• INPUT DATA
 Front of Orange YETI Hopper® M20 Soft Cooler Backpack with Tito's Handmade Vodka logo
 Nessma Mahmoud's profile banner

...

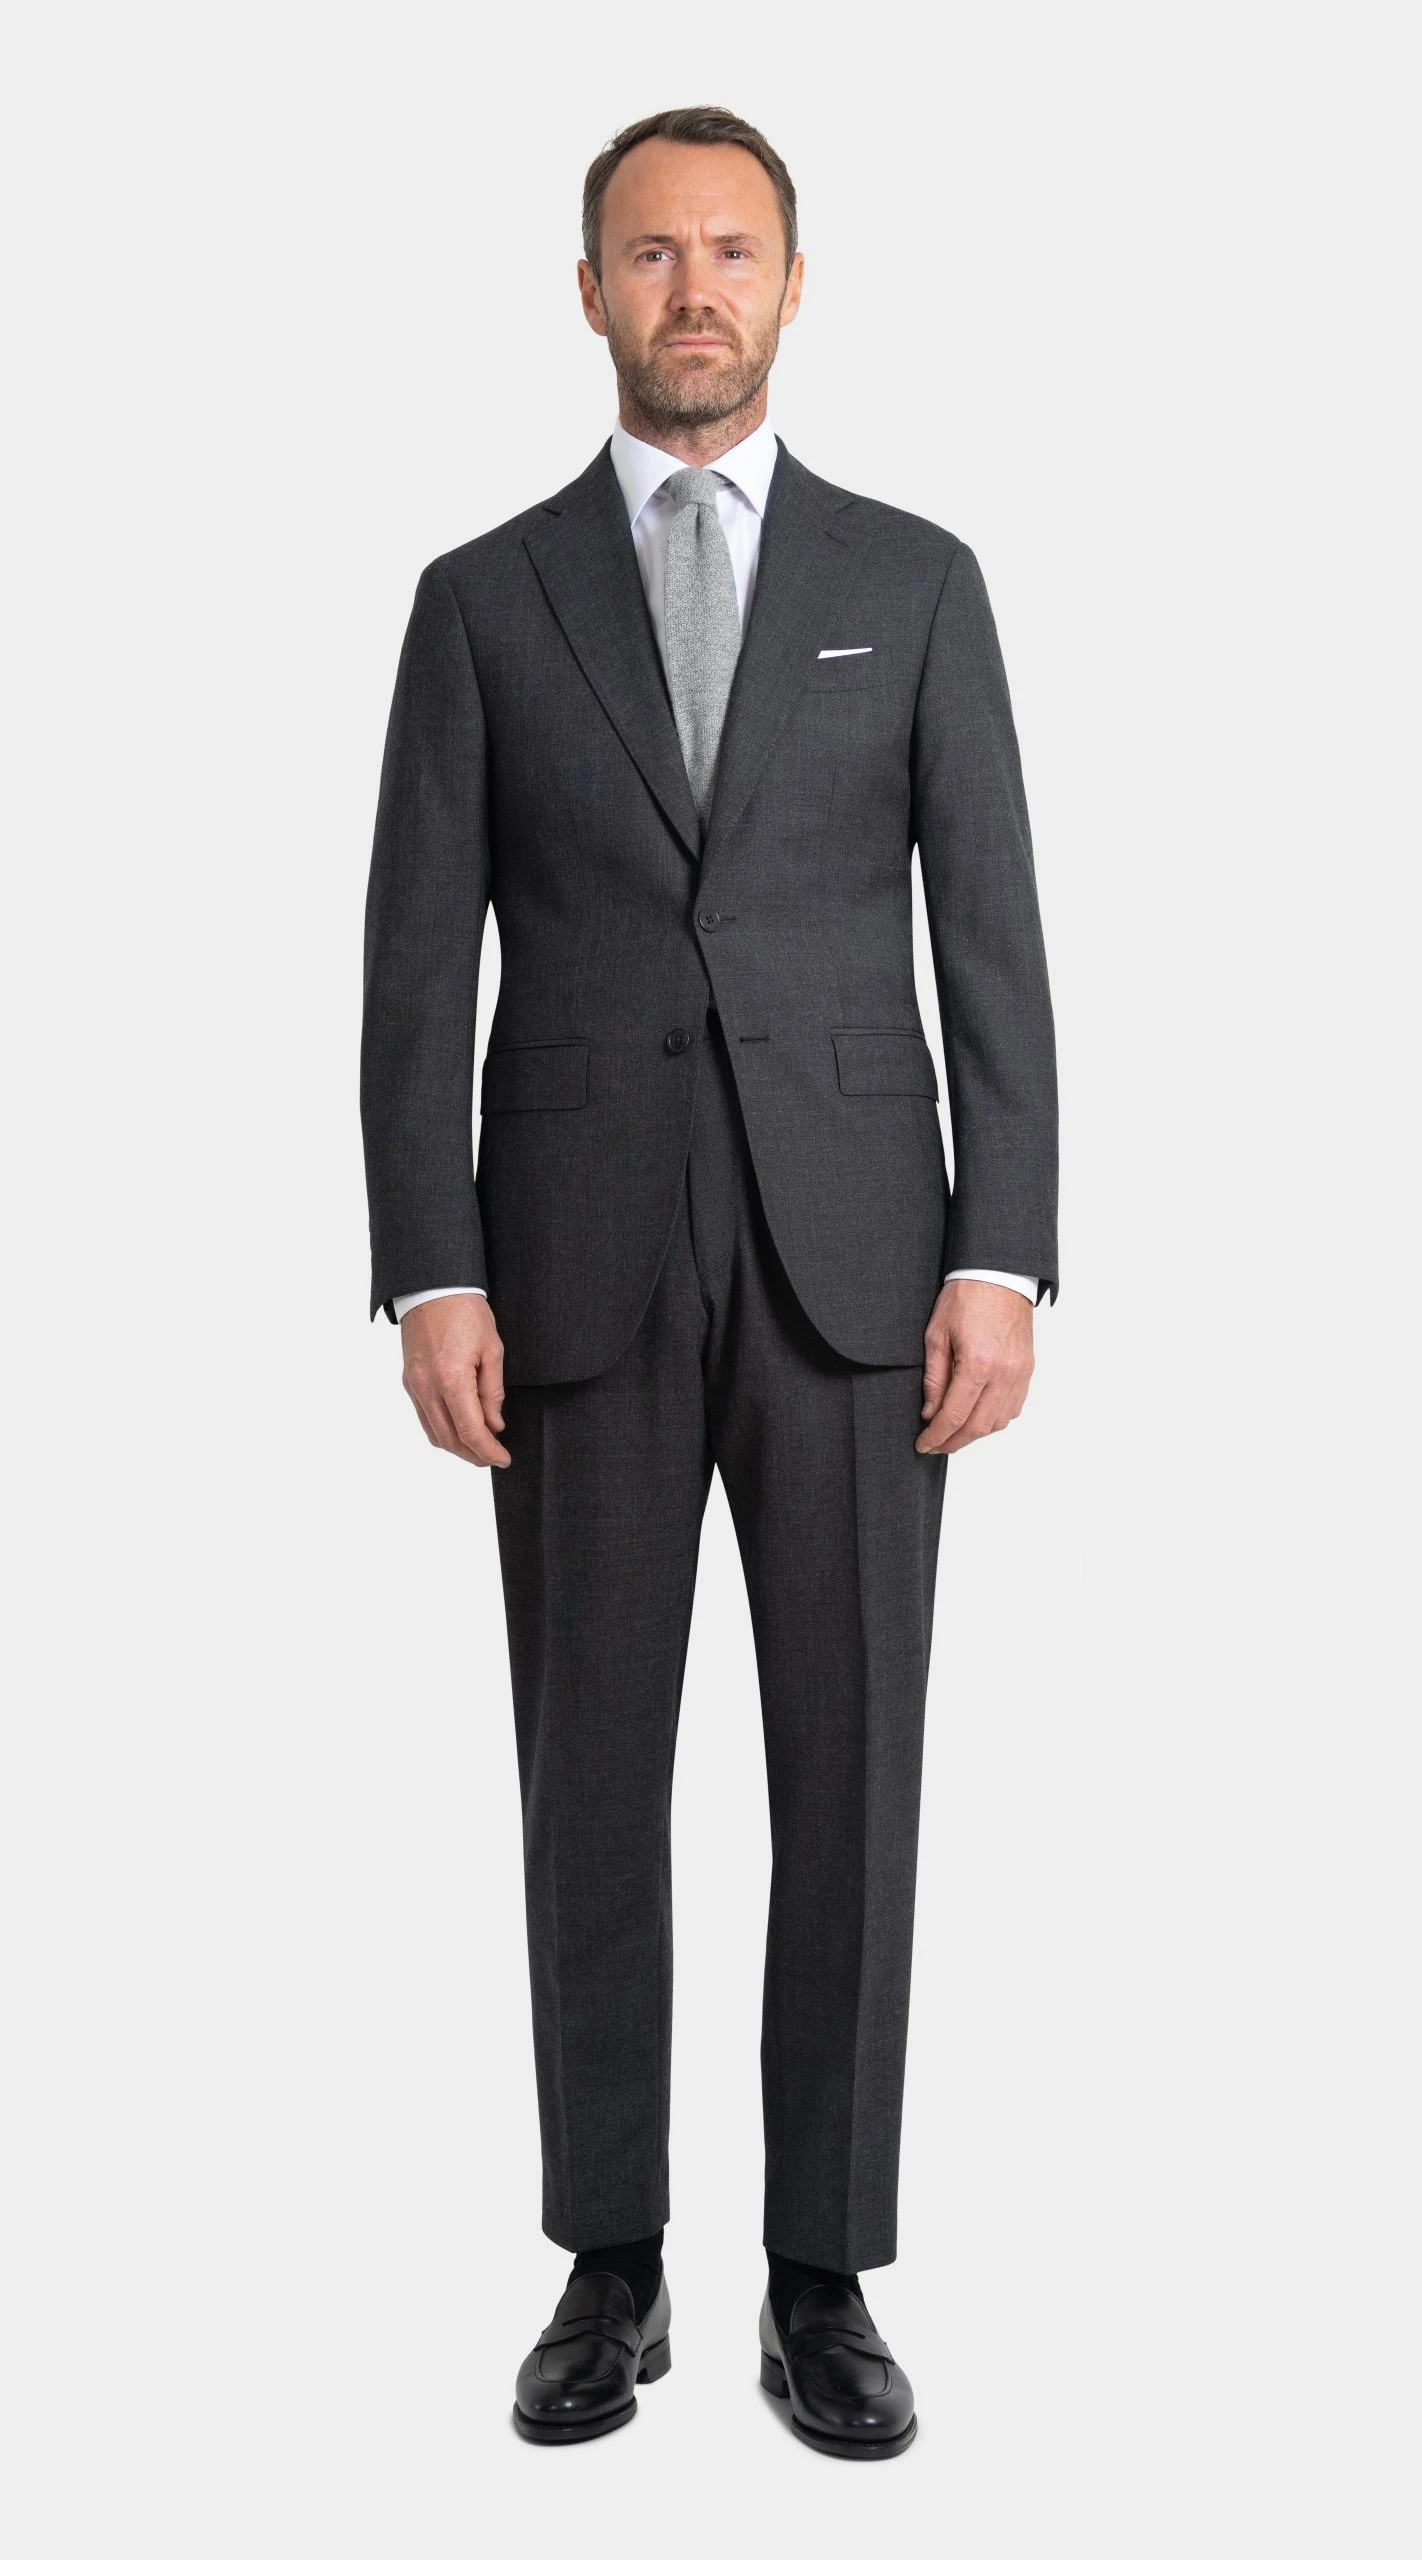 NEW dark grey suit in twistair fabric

• ASSIGNMENT
Only the lines above from the one with "Front of Orange" up to and including the one with "Nessma Mahmoud's profile banner" should be repeated, exactly as written.

• PROBLEM SOLUTION
 Front of Orange YETI Hopper® M20 Soft Cooler Backpack with Tito's Handmade Vodka logo
 Nessma Mahmoud's profile banner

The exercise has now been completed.